Reproduce exactly the lines that run from the start of the records below to the line with "Free People Sunny", inclusive.

▸ **RECORDS SUPPLIED**
■ ■ ■ ■ ■
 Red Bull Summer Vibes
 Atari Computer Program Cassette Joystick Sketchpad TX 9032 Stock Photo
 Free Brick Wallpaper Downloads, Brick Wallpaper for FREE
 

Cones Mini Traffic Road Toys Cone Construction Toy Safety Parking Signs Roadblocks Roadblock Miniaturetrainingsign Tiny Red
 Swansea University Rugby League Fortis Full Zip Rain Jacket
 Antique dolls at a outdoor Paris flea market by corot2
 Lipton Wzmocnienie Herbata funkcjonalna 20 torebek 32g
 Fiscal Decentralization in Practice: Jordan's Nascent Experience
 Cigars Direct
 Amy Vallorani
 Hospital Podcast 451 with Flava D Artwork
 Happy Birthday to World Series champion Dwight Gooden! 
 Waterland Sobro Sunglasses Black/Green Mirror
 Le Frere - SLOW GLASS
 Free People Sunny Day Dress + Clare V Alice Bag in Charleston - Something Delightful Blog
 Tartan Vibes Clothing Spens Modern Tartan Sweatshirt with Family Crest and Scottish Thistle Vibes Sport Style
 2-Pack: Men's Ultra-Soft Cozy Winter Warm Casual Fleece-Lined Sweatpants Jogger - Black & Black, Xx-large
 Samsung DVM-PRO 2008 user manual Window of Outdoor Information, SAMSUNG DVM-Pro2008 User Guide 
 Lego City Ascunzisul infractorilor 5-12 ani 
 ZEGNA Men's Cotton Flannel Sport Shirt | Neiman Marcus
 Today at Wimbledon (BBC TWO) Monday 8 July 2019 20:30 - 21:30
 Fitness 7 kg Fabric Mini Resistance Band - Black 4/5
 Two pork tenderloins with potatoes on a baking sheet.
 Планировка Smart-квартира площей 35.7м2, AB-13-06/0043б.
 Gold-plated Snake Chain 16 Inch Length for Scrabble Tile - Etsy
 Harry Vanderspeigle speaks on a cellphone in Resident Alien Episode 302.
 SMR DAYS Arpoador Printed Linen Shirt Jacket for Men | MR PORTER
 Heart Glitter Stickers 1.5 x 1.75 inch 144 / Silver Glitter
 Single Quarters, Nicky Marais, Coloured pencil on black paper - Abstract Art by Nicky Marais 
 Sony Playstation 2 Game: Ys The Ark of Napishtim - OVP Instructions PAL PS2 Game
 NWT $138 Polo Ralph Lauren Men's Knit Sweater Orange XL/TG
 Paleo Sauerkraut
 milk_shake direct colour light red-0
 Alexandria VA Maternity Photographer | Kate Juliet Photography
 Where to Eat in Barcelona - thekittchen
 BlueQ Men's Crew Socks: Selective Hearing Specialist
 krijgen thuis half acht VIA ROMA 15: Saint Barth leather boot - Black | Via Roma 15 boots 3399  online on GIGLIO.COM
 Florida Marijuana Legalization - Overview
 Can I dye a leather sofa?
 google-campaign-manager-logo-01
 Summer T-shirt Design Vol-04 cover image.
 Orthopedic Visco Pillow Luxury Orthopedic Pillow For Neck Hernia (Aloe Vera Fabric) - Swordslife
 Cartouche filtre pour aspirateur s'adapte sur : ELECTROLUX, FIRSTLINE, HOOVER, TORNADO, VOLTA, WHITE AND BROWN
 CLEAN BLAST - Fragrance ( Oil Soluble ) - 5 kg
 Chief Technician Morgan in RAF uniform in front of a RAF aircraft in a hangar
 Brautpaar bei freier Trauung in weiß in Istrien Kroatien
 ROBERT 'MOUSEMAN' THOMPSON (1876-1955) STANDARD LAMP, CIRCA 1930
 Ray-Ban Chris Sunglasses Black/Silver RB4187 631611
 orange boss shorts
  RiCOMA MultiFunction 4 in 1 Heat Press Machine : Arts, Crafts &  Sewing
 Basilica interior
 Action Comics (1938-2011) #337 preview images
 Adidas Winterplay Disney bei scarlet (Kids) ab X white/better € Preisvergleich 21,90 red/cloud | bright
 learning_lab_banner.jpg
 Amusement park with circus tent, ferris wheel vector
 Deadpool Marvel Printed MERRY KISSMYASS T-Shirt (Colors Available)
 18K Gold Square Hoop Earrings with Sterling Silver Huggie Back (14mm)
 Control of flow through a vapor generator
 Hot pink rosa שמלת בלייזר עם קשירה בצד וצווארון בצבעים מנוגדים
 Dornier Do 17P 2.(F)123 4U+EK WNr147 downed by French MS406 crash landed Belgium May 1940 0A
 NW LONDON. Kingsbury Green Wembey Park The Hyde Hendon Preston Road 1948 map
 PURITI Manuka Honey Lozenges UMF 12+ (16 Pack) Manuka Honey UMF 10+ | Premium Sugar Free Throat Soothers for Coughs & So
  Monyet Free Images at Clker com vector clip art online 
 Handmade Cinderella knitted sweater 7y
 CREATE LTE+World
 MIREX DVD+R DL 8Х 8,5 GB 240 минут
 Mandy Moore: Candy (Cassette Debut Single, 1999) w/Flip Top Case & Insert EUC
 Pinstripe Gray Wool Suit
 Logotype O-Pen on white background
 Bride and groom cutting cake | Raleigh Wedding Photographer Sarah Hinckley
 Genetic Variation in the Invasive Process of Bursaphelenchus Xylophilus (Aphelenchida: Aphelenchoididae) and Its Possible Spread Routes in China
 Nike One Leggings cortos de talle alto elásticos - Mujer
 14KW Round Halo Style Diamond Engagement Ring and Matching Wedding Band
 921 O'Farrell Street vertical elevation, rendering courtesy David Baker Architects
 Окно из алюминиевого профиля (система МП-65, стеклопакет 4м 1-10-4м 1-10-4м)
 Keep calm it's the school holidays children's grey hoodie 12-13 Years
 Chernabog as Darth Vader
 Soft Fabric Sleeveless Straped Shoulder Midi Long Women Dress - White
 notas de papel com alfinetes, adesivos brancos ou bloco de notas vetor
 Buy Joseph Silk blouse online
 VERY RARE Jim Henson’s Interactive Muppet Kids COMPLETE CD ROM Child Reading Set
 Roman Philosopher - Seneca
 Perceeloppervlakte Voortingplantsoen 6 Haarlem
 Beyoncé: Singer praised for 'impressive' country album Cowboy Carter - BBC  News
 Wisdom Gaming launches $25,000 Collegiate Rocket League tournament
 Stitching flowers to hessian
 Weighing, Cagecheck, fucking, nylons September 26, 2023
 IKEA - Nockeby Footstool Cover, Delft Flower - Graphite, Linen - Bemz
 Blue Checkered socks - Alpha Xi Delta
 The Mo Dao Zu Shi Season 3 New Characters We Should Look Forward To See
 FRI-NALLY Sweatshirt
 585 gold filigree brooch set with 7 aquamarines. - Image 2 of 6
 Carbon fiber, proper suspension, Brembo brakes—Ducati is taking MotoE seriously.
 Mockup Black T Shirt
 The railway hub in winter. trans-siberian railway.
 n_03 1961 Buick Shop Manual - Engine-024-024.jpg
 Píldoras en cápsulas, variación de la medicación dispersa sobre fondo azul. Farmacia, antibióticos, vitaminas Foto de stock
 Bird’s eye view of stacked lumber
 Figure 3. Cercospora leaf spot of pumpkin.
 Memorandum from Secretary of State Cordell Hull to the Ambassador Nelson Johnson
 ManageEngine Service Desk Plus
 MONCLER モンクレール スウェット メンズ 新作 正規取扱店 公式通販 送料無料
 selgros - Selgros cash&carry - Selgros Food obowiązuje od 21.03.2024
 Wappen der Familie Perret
■ ■ ■ ■ ■
▸ **ANSWER BOX**
 Red Bull Summer Vibes
 Atari Computer Program Cassette Joystick Sketchpad TX 9032 Stock Photo
 Free Brick Wallpaper Downloads, Brick Wallpaper for FREE
 

Cones Mini Traffic Road Toys Cone Construction Toy Safety Parking Signs Roadblocks Roadblock Miniaturetrainingsign Tiny Red
 Swansea University Rugby League Fortis Full Zip Rain Jacket
 Antique dolls at a outdoor Paris flea market by corot2
 Lipton Wzmocnienie Herbata funkcjonalna 20 torebek 32g
 Fiscal Decentralization in Practice: Jordan's Nascent Experience
 Cigars Direct
 Amy Vallorani
 Hospital Podcast 451 with Flava D Artwork
 Happy Birthday to World Series champion Dwight Gooden! 
 Waterland Sobro Sunglasses Black/Green Mirror
 Le Frere - SLOW GLASS
 Free People Sunny Day Dress + Clare V Alice Bag in Charleston - Something Delightful Blog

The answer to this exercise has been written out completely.